» **What you should do**: A faithful copy of the listing below is needed, one that contains no pictures.

» **Information supplied**:
________________

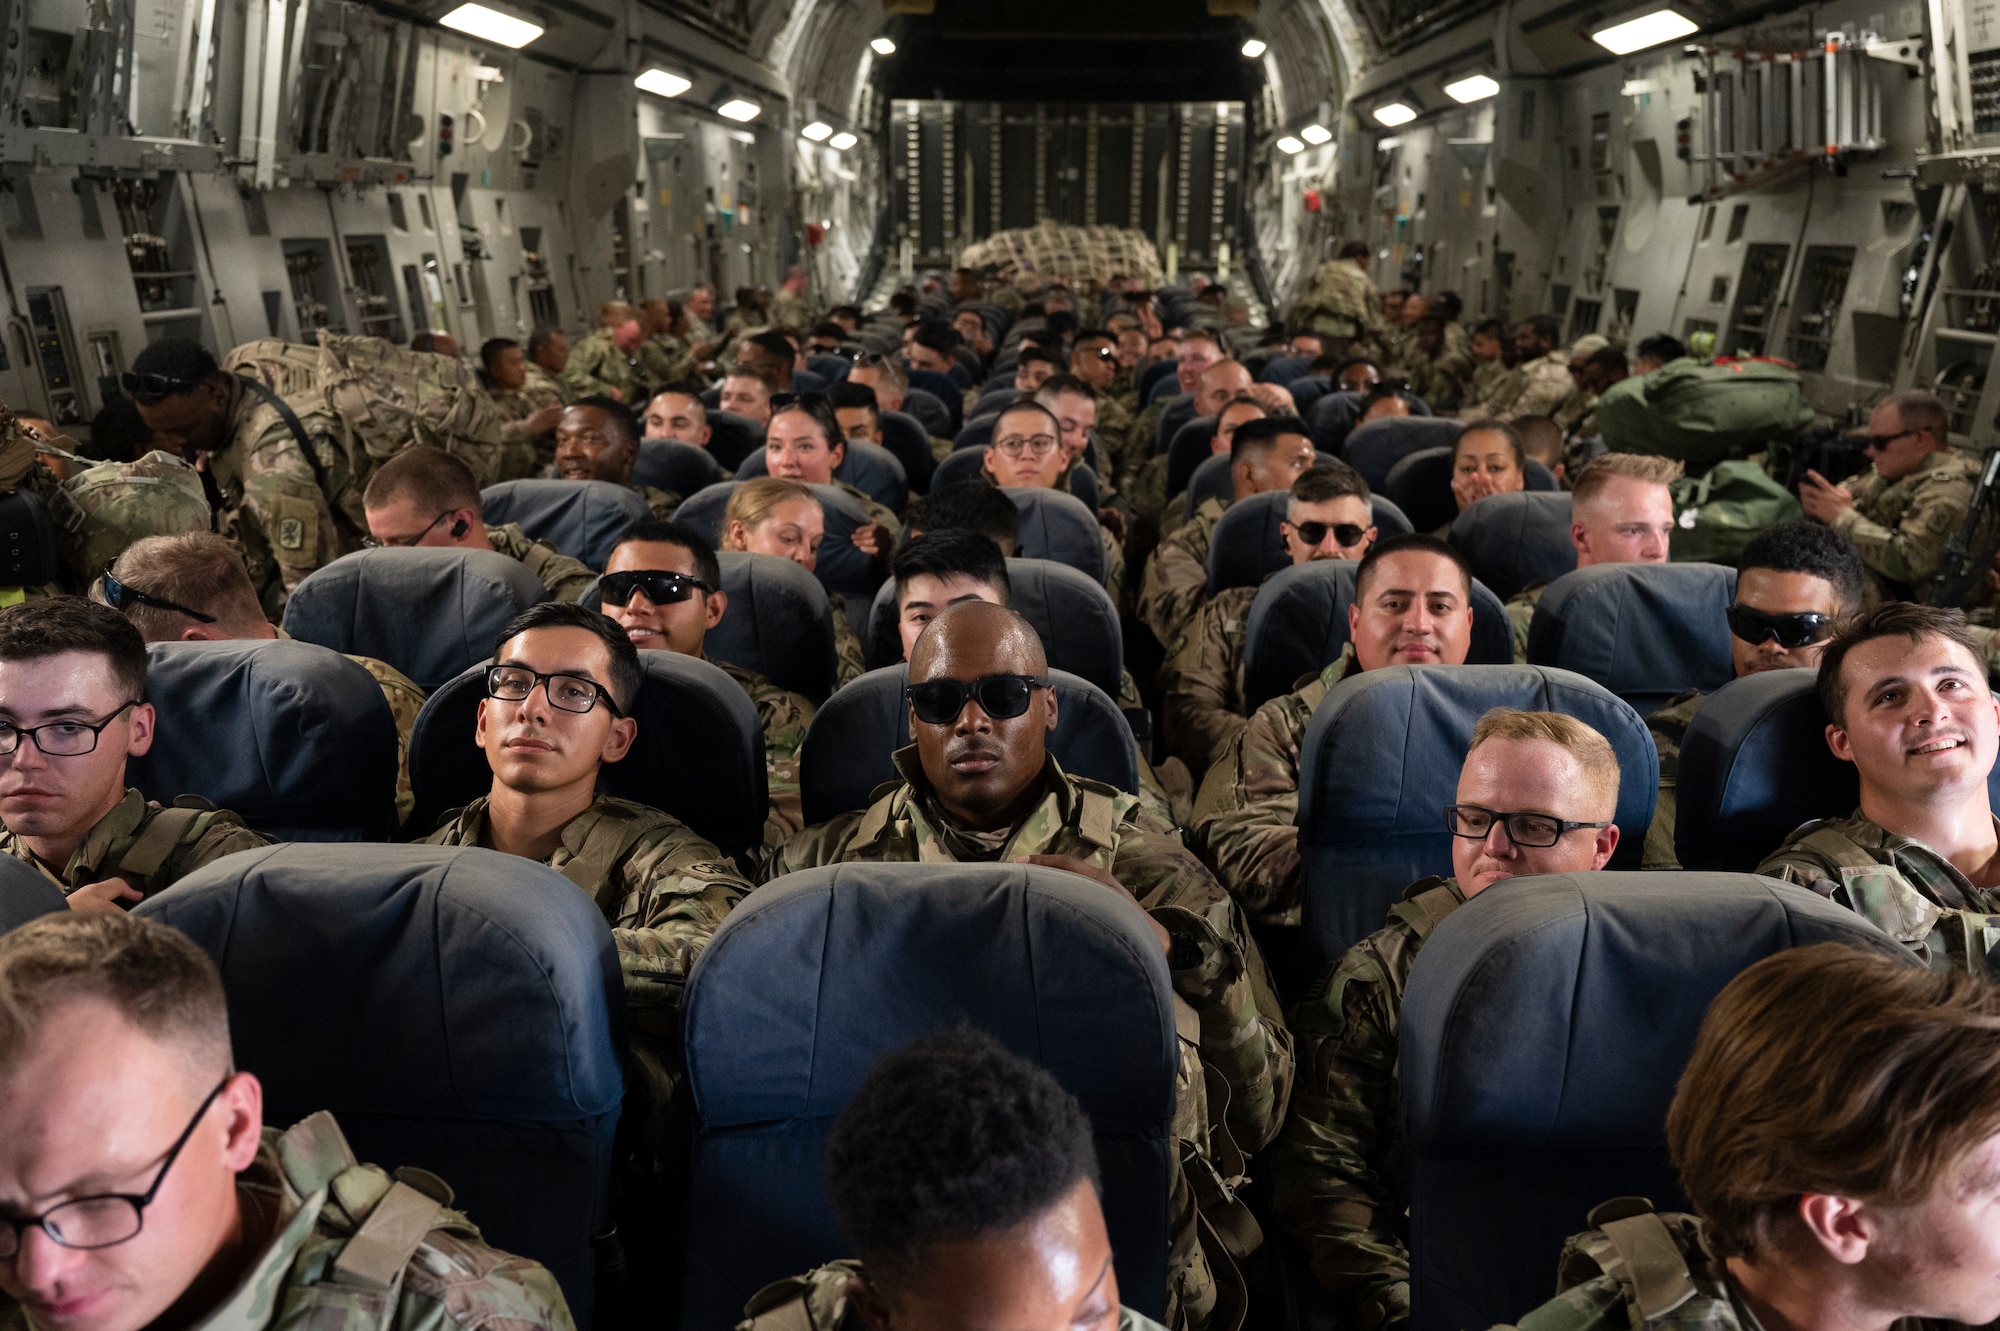 U.S. Army Task Force Griz Soldiers from the 1st Combined Arms Battalion, 163rd Cavalry Regiment, get ready for takeoff aboard a C-17 Globemaster III during an Emergency Deployment Rapid Exercise at Ali Al Salem Air Base, Kuwait, August 10, 2022. This exercise tested the Army and Air Force’s joint capability to put boots on the ground and support the warfighter as quickly as possible through rapid global mobility. (U.S. Air Force photo by Staff Sgt. Dalton Williams)
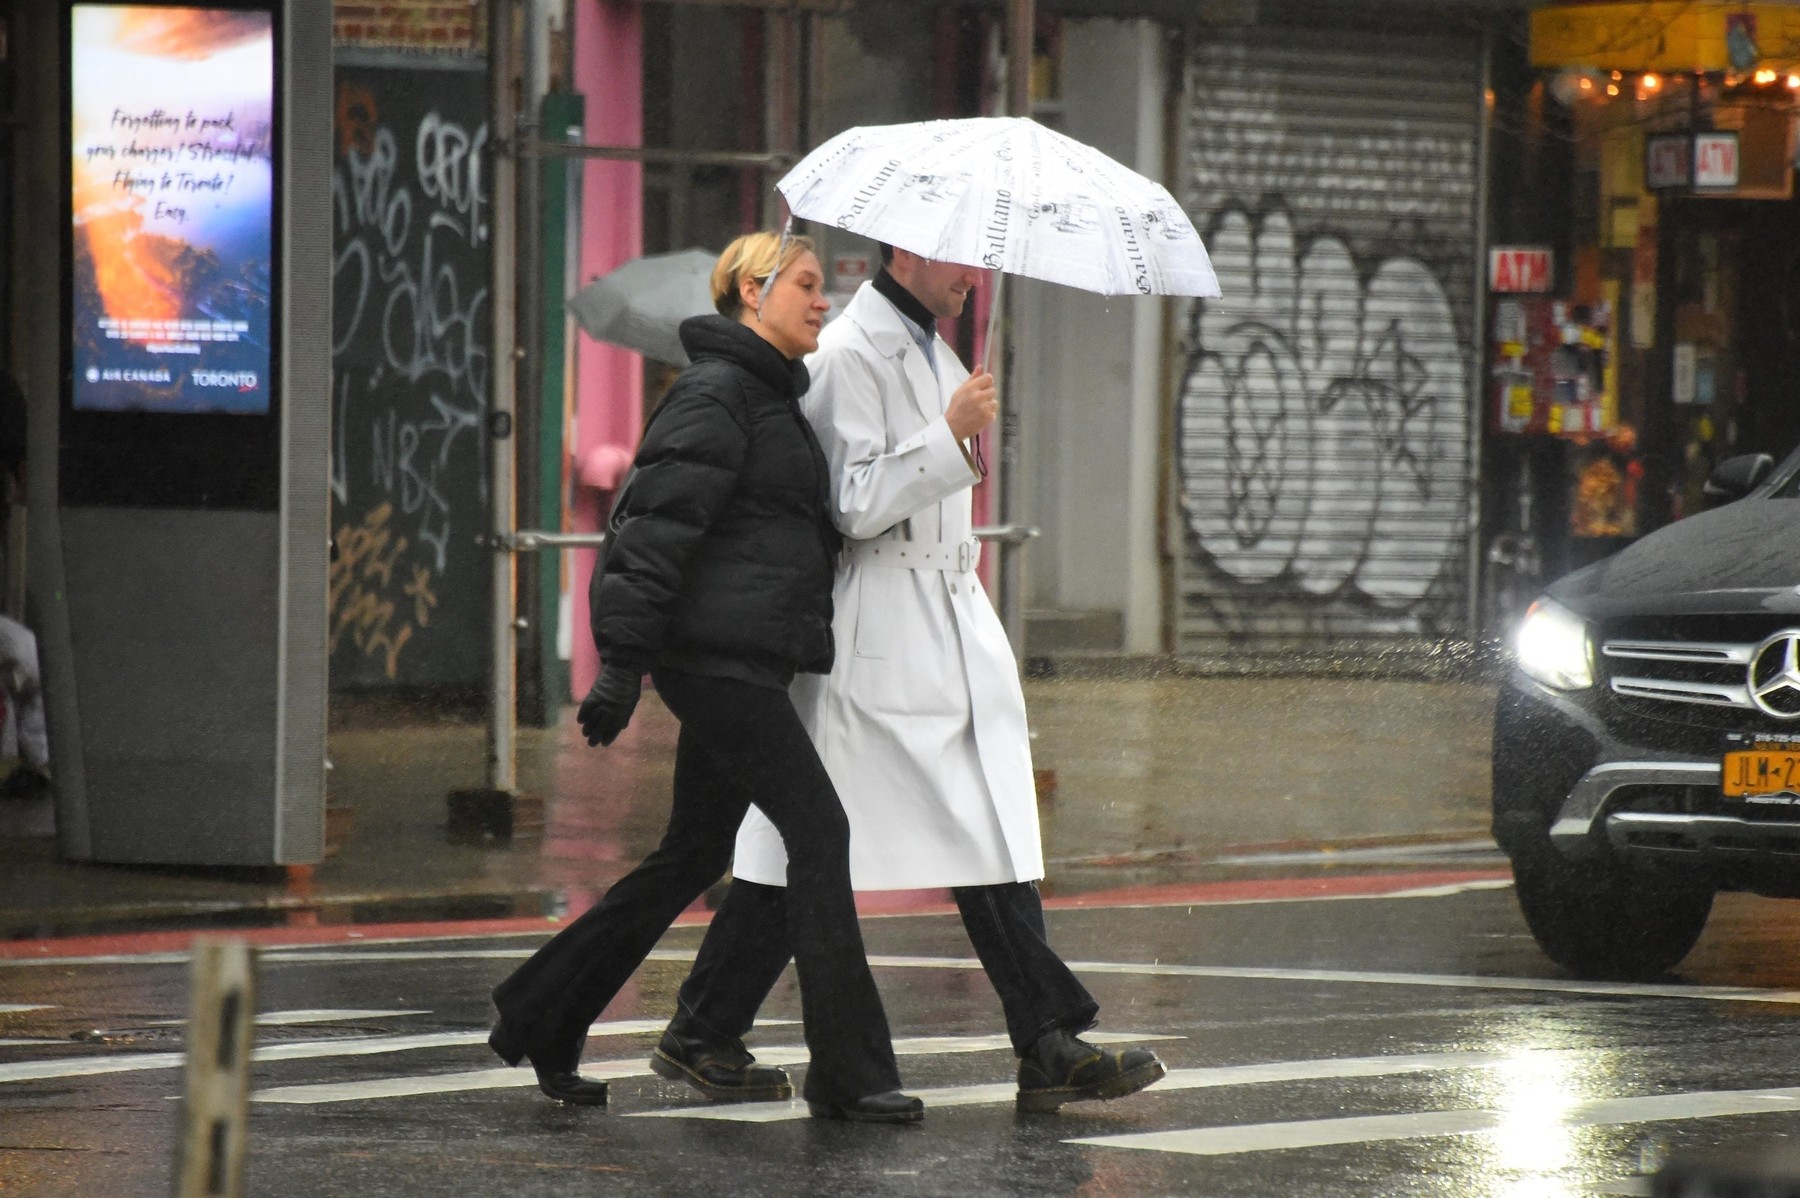 New York, NY  - *EXCLUSIVE*  - Chloe Sevigny and her boyfriend Sinisa Mackovic are seen out in Manhattan. The duo crowd under an umbrella as they brave the rain together.

BACKGRID USA 30 DECEMBER 2019, Image: 490417394, License: Rights-managed, Restrictions: , Model Release: no, Credit line: JosiahW / BACKGRID / Backgrid USA / Profimedia

________________

» **Output of the task**:
 U.S. Army Task Force Griz Soldiers from the 1st Combined Arms Battalion, 163rd Cavalry Regiment, get ready for takeoff aboard a C-17 Globemaster III during an Emergency Deployment Rapid Exercise at Ali Al Salem Air Base, Kuwait, August 10, 2022. This exercise tested the Army and Air Force’s joint capability to put boots on the ground and support the warfighter as quickly as possible through rapid global mobility. (U.S. Air Force photo by Staff Sgt. Dalton Williams)
 New York, NY  - *EXCLUSIVE*  - Chloe Sevigny and her boyfriend Sinisa Mackovic are seen out in Manhattan. The duo crowd under an umbrella as they brave the rain together.

BACKGRID USA 30 DECEMBER 2019, Image: 490417394, License: Rights-managed, Restrictions: , Model Release: no, Credit line: JosiahW / BACKGRID / Backgrid USA / Profimedia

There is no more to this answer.